That feeling carried over into 2011, when the city elected its first black mayor, Alvin Brown, who won with support from an energized black community as well as backing from whites and parts of the business establishment. Obama cinched Florida again in 2012, in part by once again mobilizing blacks and keeping the margins low in Duval County.
But now, as the Obama era draws to a close, that excitement has dimmed.
On the north side, gang violence and drug use have surged. In April, 33 Jacksonville residents were shot, including seven who were killed. A group of pastors held a news conference and declared the city a “war zone.”
For the friends who gathered recently to hang out in the shade of the mulberry tree, it will be hard to justify the effort of turning out and voting next year when so little has changed — and some things feel worse.

“We got the president his job,” Motley said. “But did he help us get any good jobs? I still need a raise.”

“It’s not his fault,” interrupted Louis Wilson, 65, a retired airport maintenance worker. “We did all the work to get him in, but when it came time to vote in people to support him, all the [black people] stayed home. That’s what happens when you don’t vote.”
The conversation became heated. Another said he’d love to vote but could not because of his felony conviction. Another complained that she couldn’t get a raise in eight years.
“We all struggling,” said another. One man became so uncomfortable, he removed his T-shirt, wrapped it around his head and walked away. The shirt read “Obama ’08.”
Last month, when Mayor Brown was up for reelection, pastors and voting advocates considered the race a test of whether Jacksonville’s black electorate remained politically engaged. Republicans rallied around a former state party chairman, Lenny Curry, as their candidate. GOP presidential hopefuls Marco Rubio and Rick Perry visited, and Jeb Bush made a video in support of Curry.
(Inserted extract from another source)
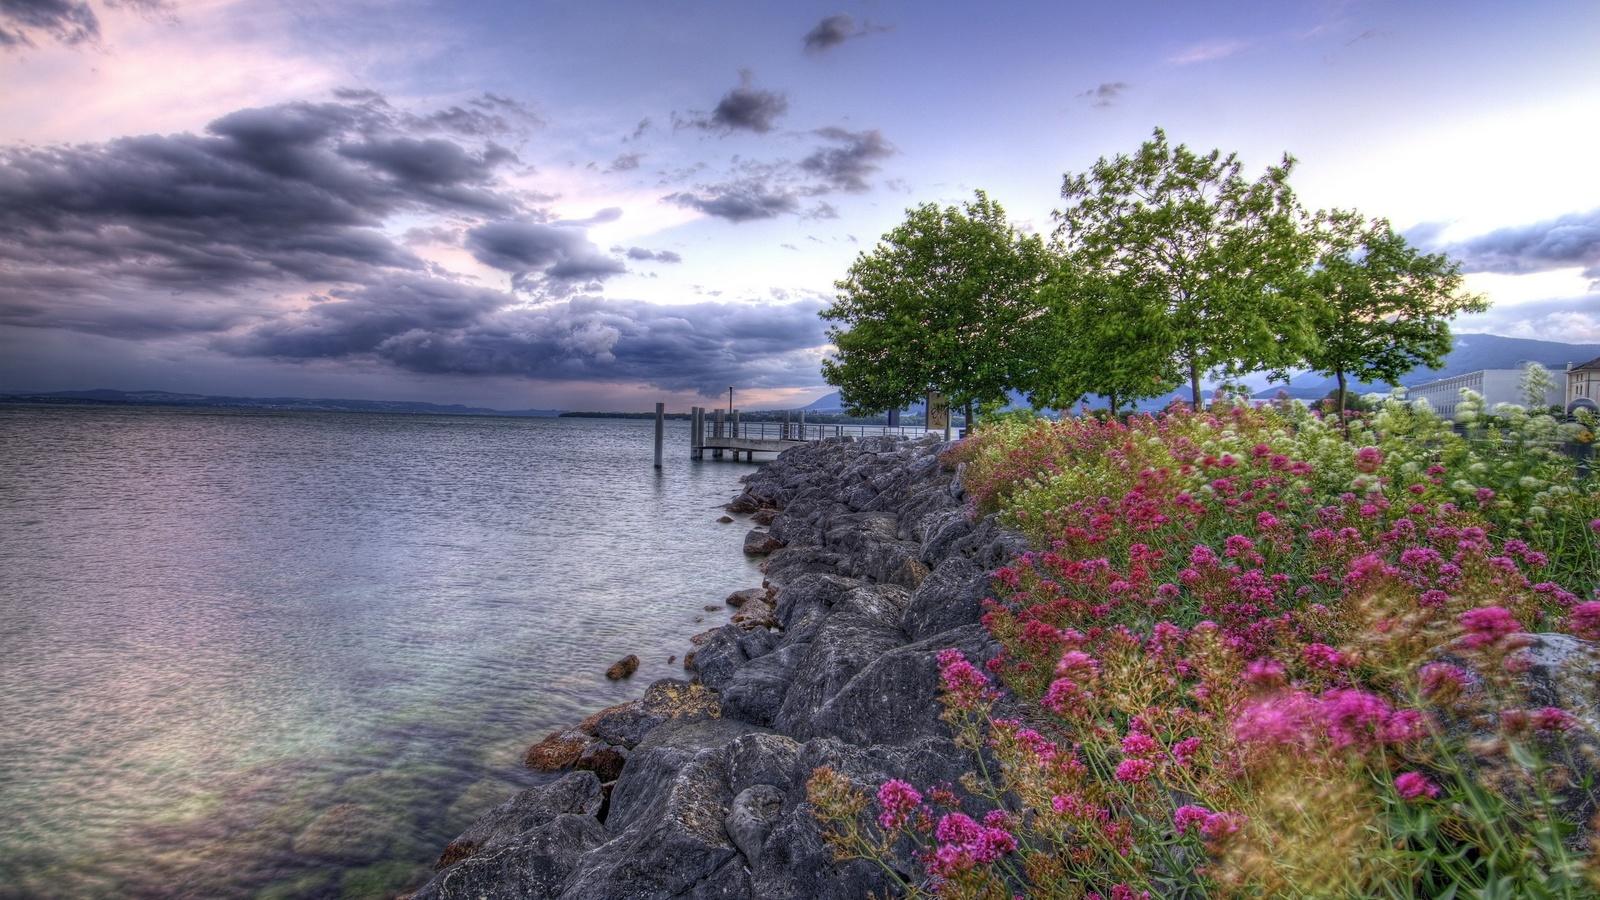 цветы, скалы, пирс, озеро, деревья

Harris, left, talks politics with Alex Barnett, 58, a barber at Esquire Barber Shop. (Octavio Jones/For The Washington Post)
Harris, left, talks politics with Alex Barnett, 58, a barber at Esquire Barber Shop. (Octavio Jones/For The Washington Post)
“It’s not just because Obama was black, but it was because you knew he had a sense of empathy with your struggle,” said Sherrod Brown, a 26-year-old gospel singer. “The people of Jacksonville are fair. We’d vote for Hillary, but she has to prove she’s down.”
Simia Richardson, 31, a teacher, said she was unsure whom to support. “I’m all about [Clinton] being a woman, but it will be a problem for a lot of people,” she said. “And there are some other people who might be interesting. Ben Carson, he’s running.”
The mention of Carson, the famous black neurosurgeon running as a Republican, caused some to perk up.
“The ‘Gifted Hands’ dude?” asked James Sneed, 18, referring to Carson’s popular autobiography.
“Yeah, and he’s a Republican,” Richardson said. “And there’s another one who thinks he can get black votes. Rand Paul?”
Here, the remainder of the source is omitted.